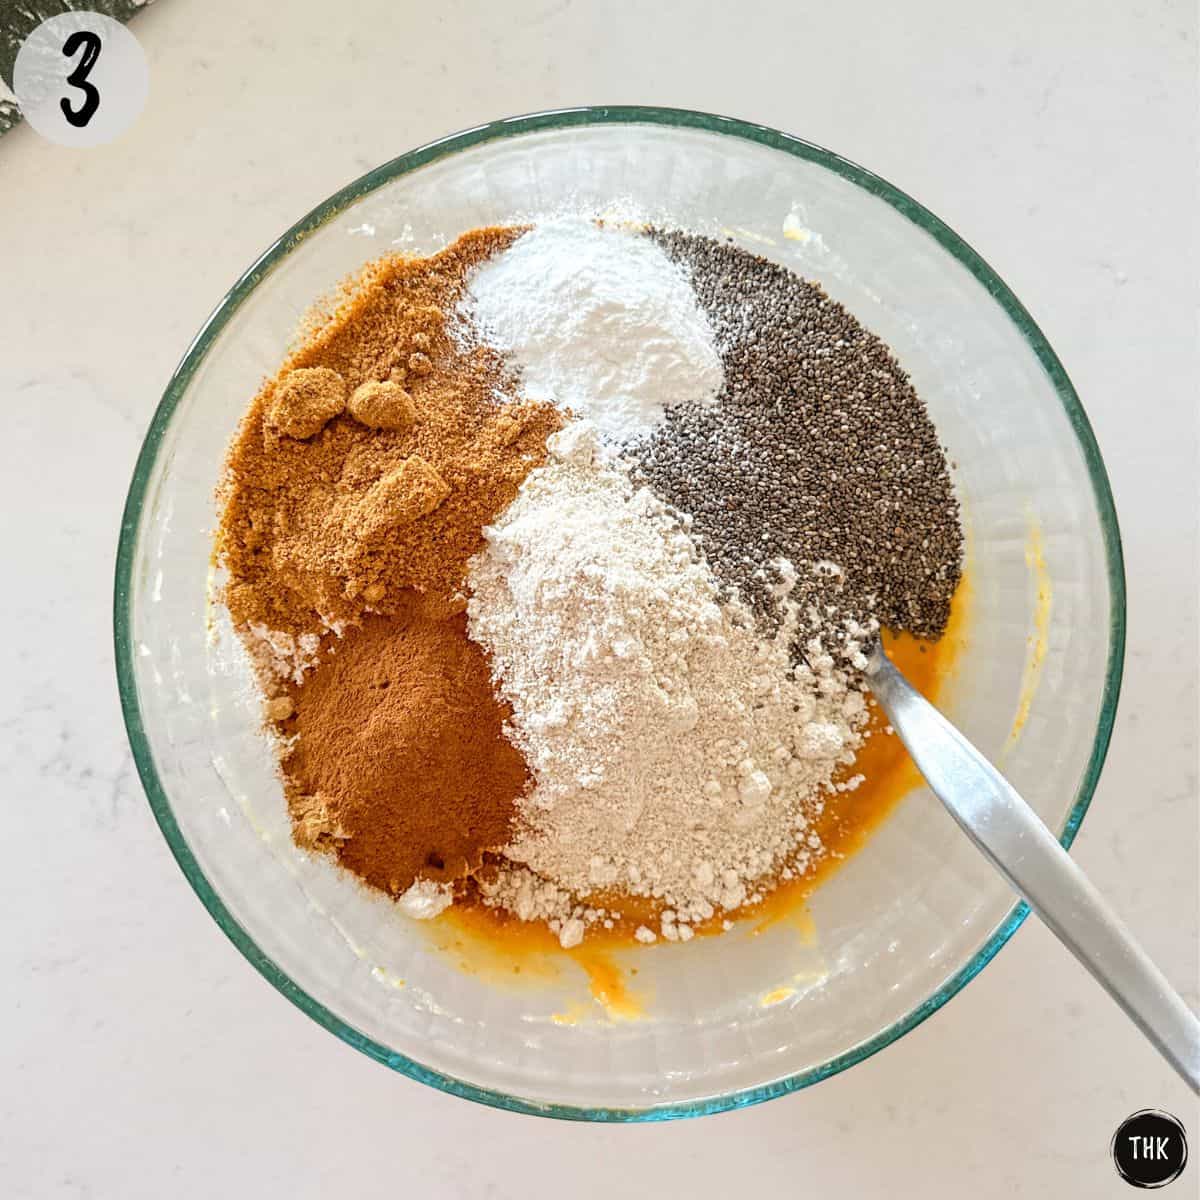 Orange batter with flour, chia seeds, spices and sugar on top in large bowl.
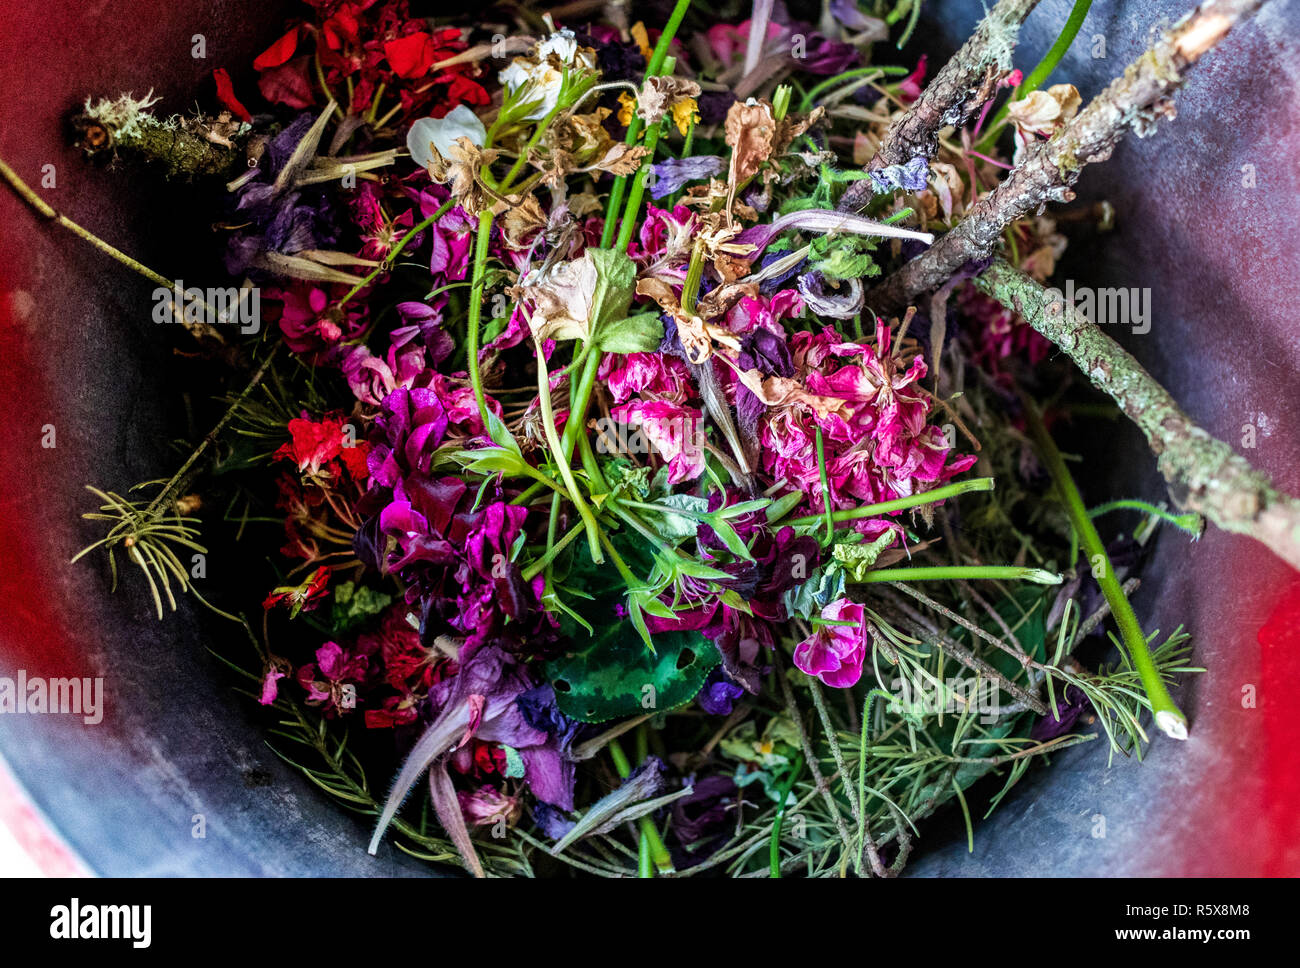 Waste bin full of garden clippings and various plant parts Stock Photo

··········

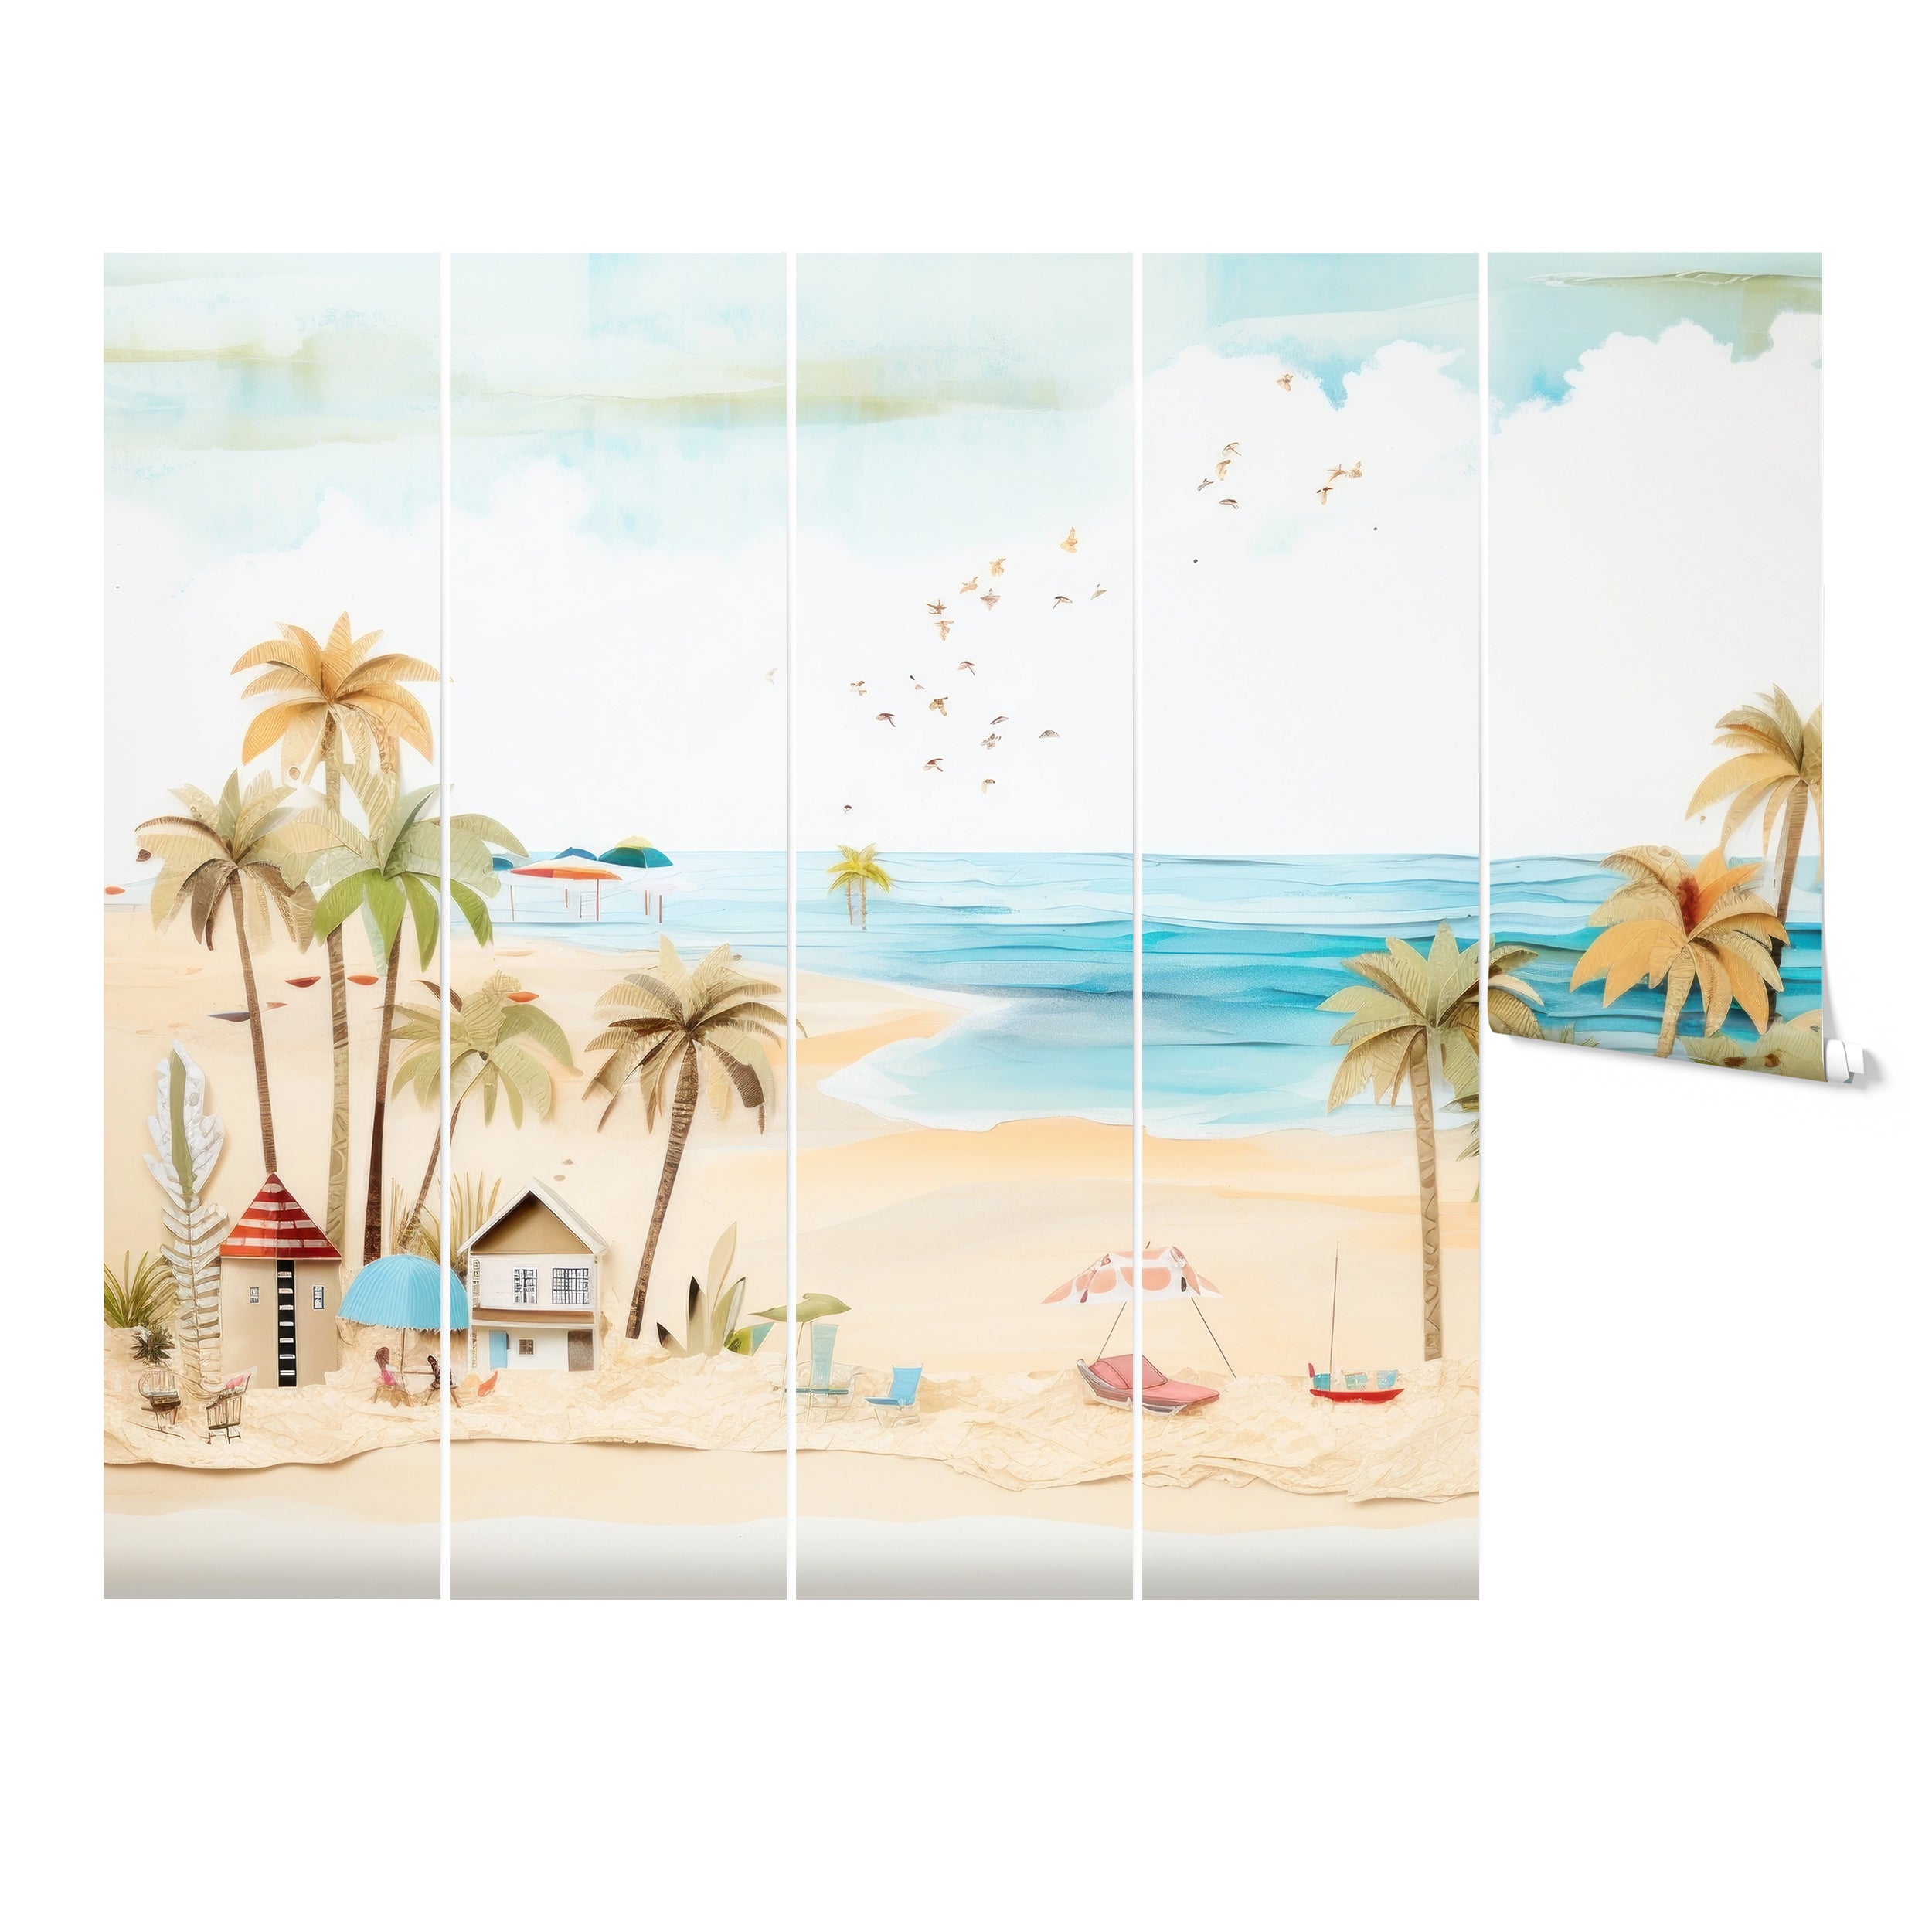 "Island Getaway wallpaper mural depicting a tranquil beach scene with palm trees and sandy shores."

··········

- Work instructions:
Give the lines above again exactly, from the one containing "Orange batter with" to the one containing "Waste bin full", both included, but leave out the pictures.

- Response to the task:
 Orange batter with flour, chia seeds, spices and sugar on top in large bowl.
 Waste bin full of garden clippings and various plant parts Stock Photo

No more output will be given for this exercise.